In: Economics
The Federal Reserve on Tuesday, March 3, 2020 took the emergency step of cutting the benchmark U.S. interest rate by half a percentage point, an attempt to limit the economic and financial fallout from the coronavirus. Consider the FX market and the money market diagrams we learned within asset approach to exchange rate determination and answer the following questions. Let US be the home country and Euro Area be the foreign country. a) Following the Fed’s decision, explain which schedule(s) shift in the US money market and why. b) Following the Fed’s decision, explain which schedule(s) shift in the FX market and why. c) What happens to the equilibrium E$/€ exchange rate? Why?
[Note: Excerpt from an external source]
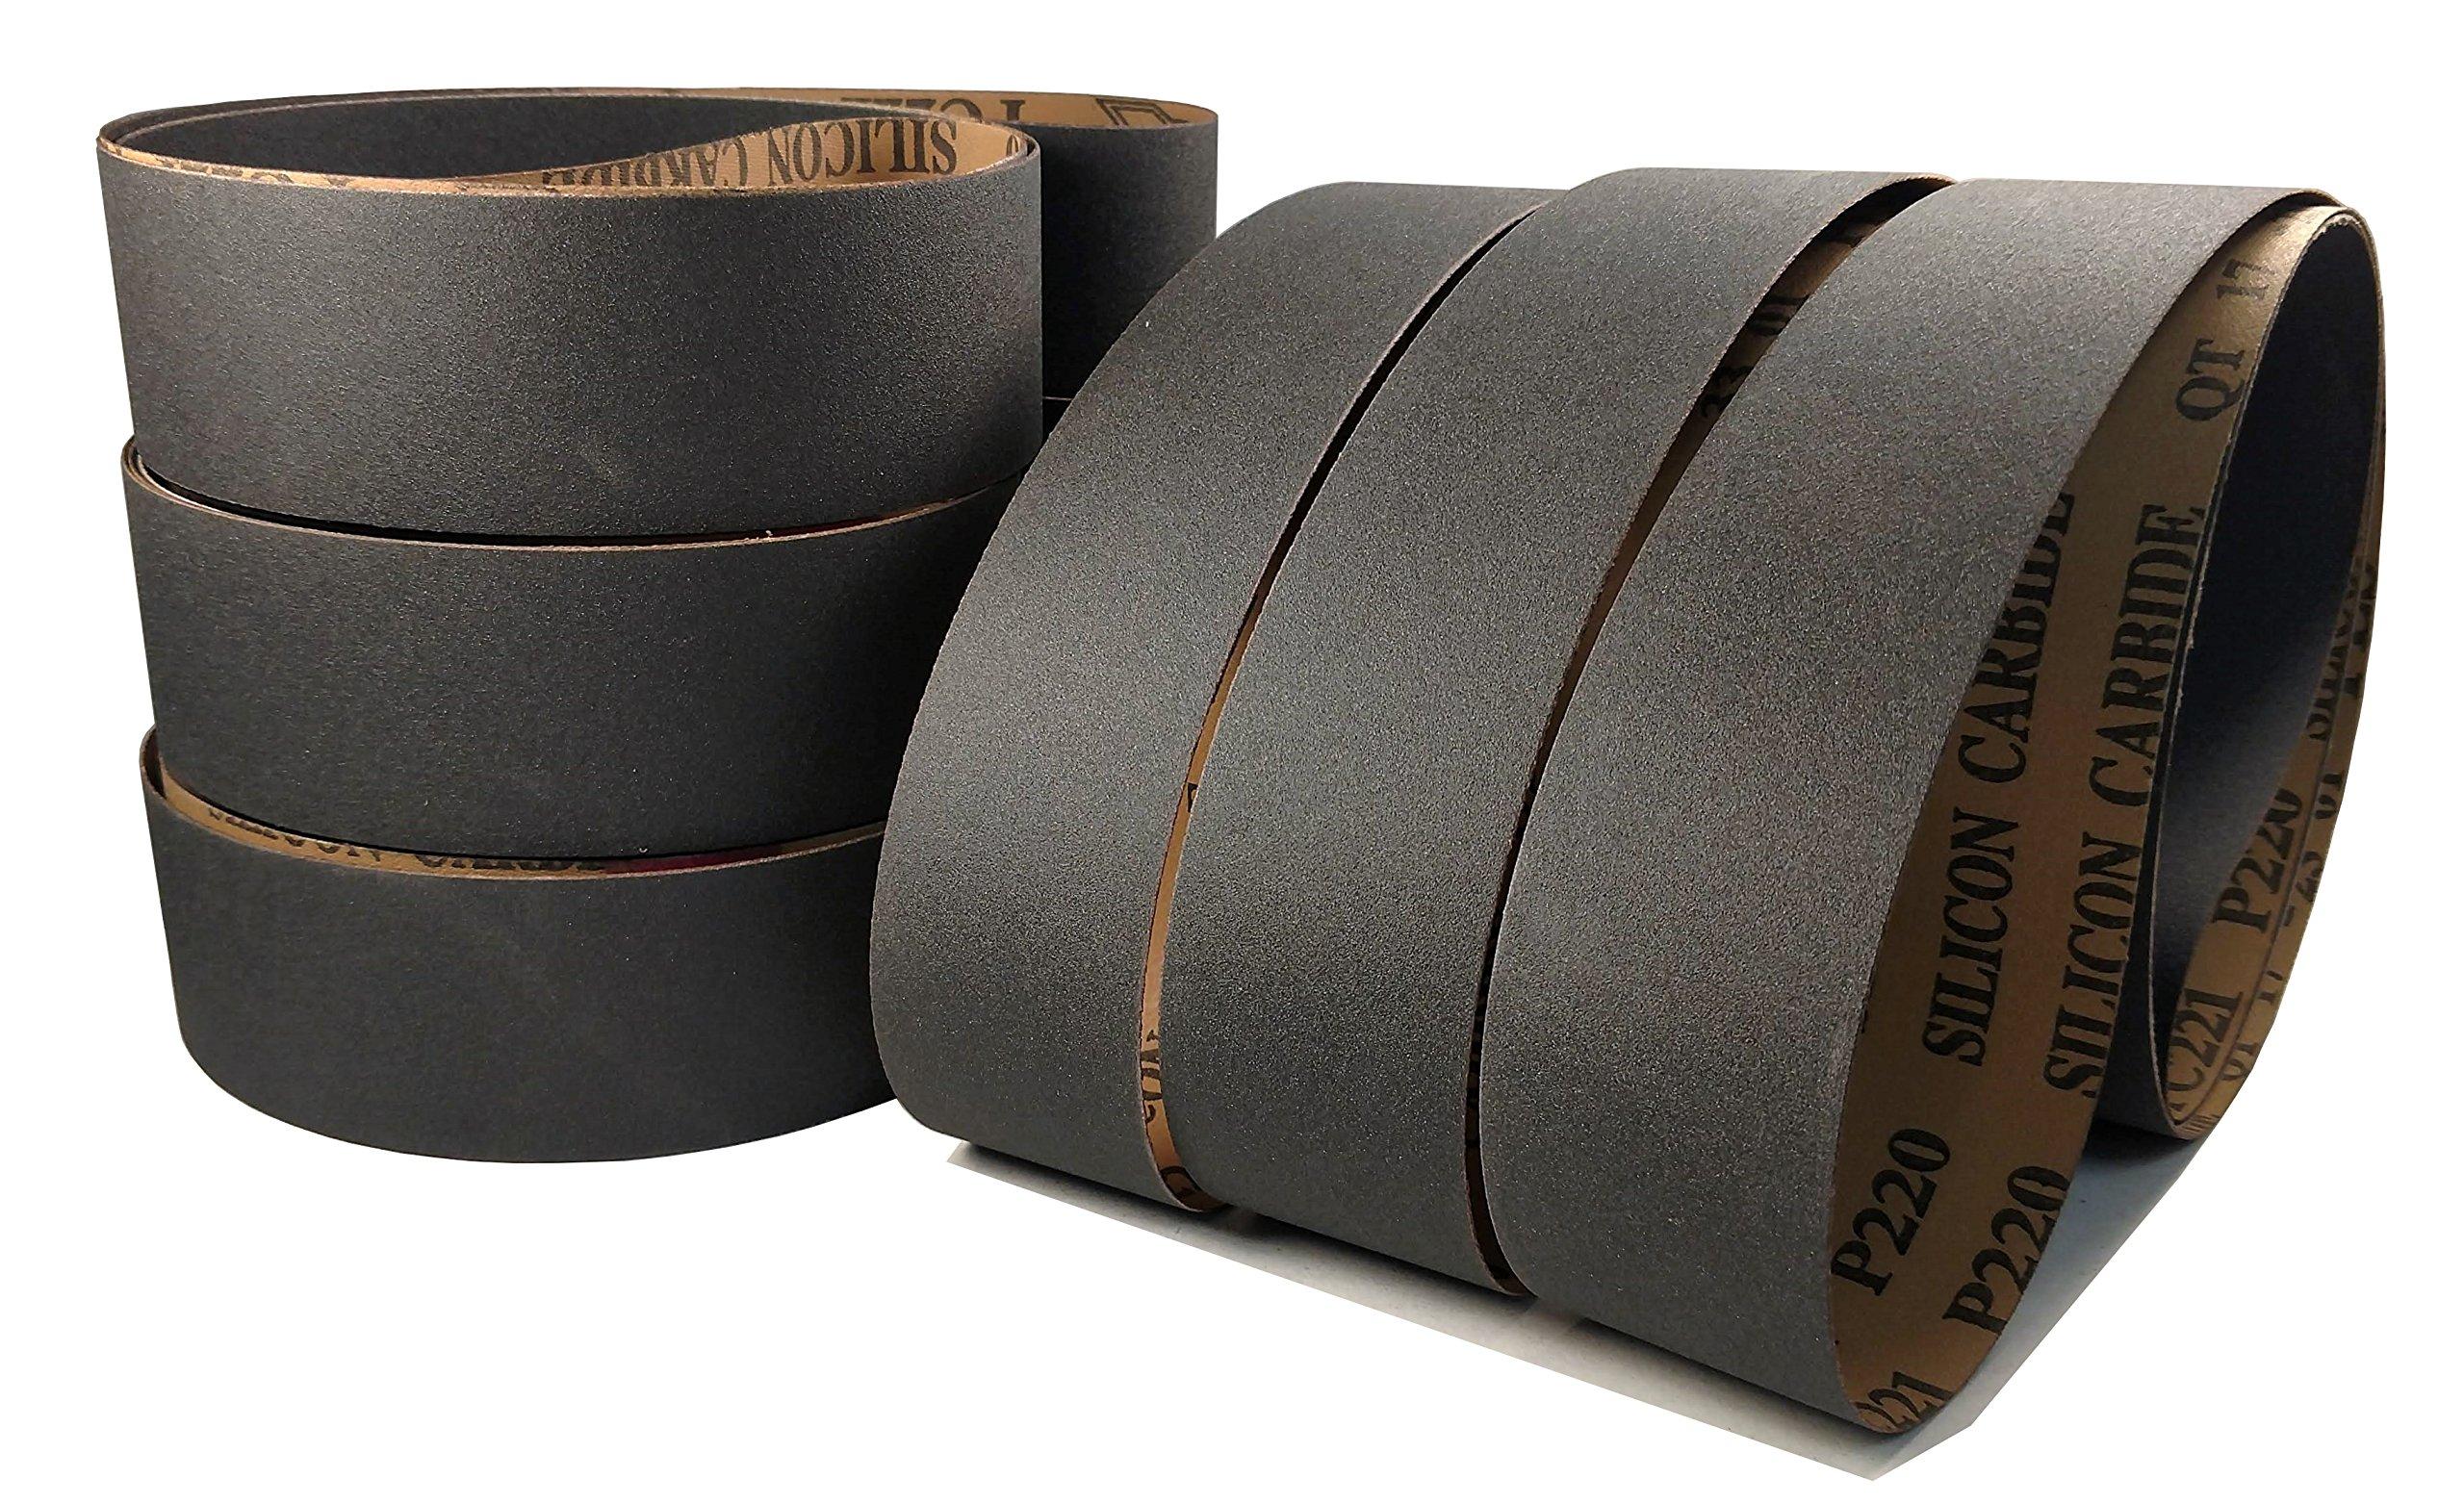 2 X 72 Premium Silicon Carbide Sanding Sharpening Belts - 6 Packs and Assortments (Fine Grit Assortment 220, 320, 400 Grit)

A) lower interest rate will induce aggregate demand made in US. Consumers, firms and even exporters will borrow more and consumes and invests more. There will be increase in demand for currency. Demand curve shifts to right hand side. Lower interest will decrease exchange rate. This will increase export of US as export price is becoming cheaper. Increases GDP and employment in the country.
B) When there is cut in interest rate, return from investing in US is getting decreased. So demand for US dollars will get decreased. Demand for Euro will get increased due to cut in interest rate in US in short run. This will shift the demand curve of Euro to right hand side. People may believe Euro is stringer. Because of it itself demand curve will further shifts to right hand side. As investing in European Union now gain more returns, supplier will be hesitant to supply Euro. So supply curve of Euro will shift to left hand side.
C) The above stated reasons will increase exchange rate of Euro in terms of US dollars without changing quantity demanded and supplied of Euros. But in long run, European Area can have inflation as it attracts more and more of foreign money. This will reduce its value. Exchange rate may get decreased for Euro in terms of US dollars.